Maybe it's my ADD, but I thrive on complex interfaces. I want to see as much information as possible, packed as tightly as possible, and formatted for readability and easy access. I don't mind scrolling, particularly if it's only the secondary information that scrolls. In other words, I'm a mobile designer's anti-user.
In addition to some supportive comments, I got a lot of positive feedback from people who agreed with my position on complex interfaces. At the same time I noticed that most of the support came from more experienced users. I wondered if maybe my complaint was a generational thing. Sort of an “ageing laptop user with Big Monitor whines about mobile systems passing him by” theme, while also insinuating that I also miss rotary telephones (I don't).
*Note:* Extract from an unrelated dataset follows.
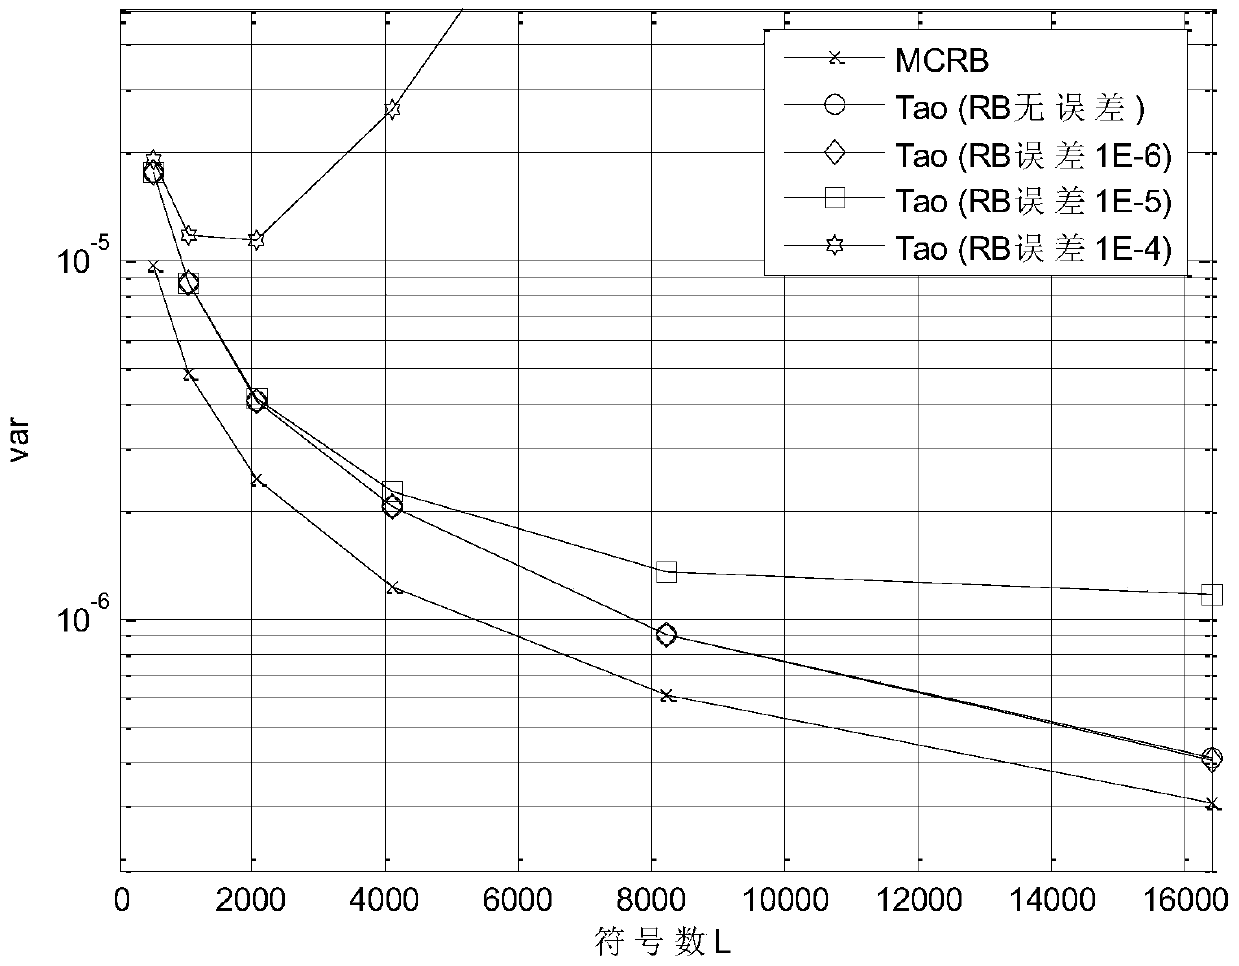 Estimation Method of Subtle Baud Rate Characteristics Based on Progressive Precision Timing Estimation

Surely if 70% of new browsers are on smart phones and tablet devices, the complex user interface is all but dead? To test this, I tried composing this article on a mobile device. Three times. On two devices with two browsers. I didn't get past the second sentence on any of them. Our WYSIWYG editors just aren't ready for the mobile, tactile interface world.
With this I came to a conclusion: while a lot of content – usually short form and multimedia content – will be created on mobile devices, anything that requires significant editing and post production is going to be done on devices with big screens and keyboards for a long time to come.
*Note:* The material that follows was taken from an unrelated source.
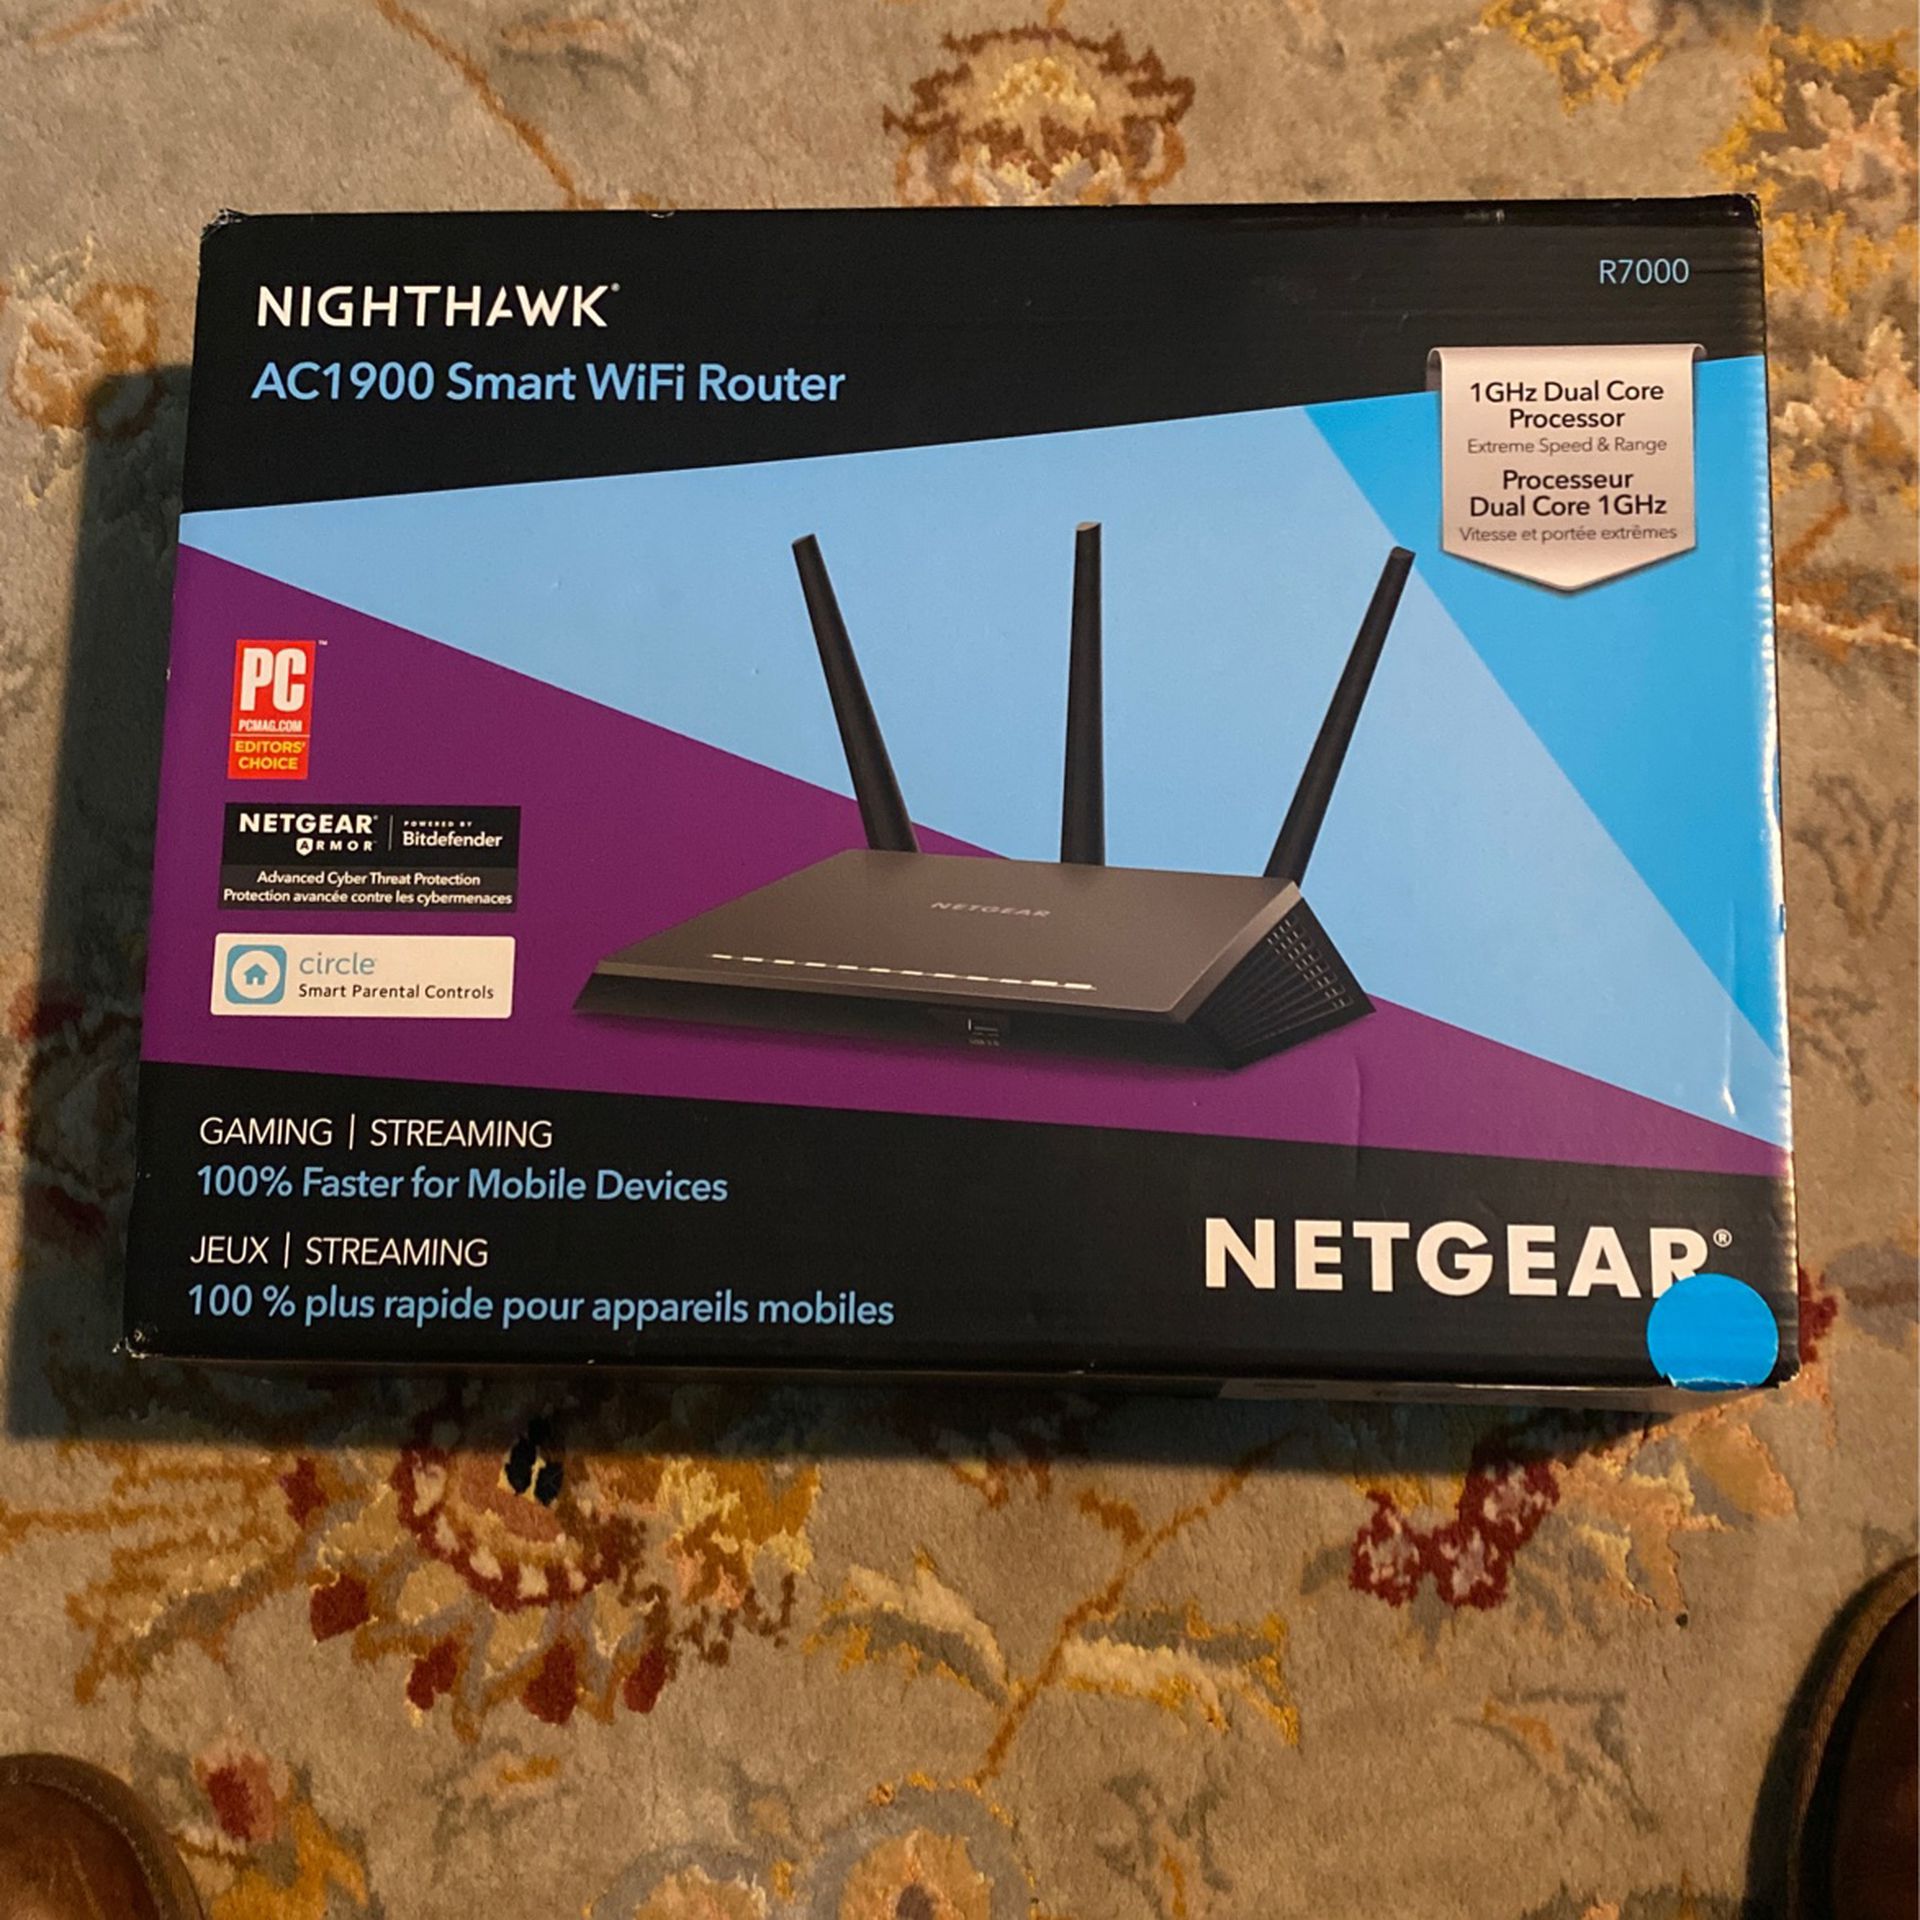 New Netgear Nighthawk AC1900 smart WiFi router

So UX designers have a problem: there is no single user interface that is optimal for all user communities.
I believe the solution is the scalable user experience. A scalable UX starts with the clean, simple design that makes people label a product as friendly and easy to use, but over time it allows that user to transition to a more complex experience, perhaps allowing each user to customize the interface to expose the tools they need to get their job done. The casual blogger can have an interface that is as receptive as a default Wordpress site; the mobile reporter can have a hybrid of Twitter and Tumblr; the journal editor can access formatting, publishing, and categorization tools; and the Marketing/SEO specialist can see all of that plus realtime keyword reporting, tagging, analytics, even stock prices and the local weather radar – if that's what the job function requires.
The Joomla 3.0 administrator interface offers a lot that's great, but at the same time that gain comes at a cost. Our challenge as we progress towards 3.5 (or 4.0) is to build an experience that can adapt to the needs of the individual.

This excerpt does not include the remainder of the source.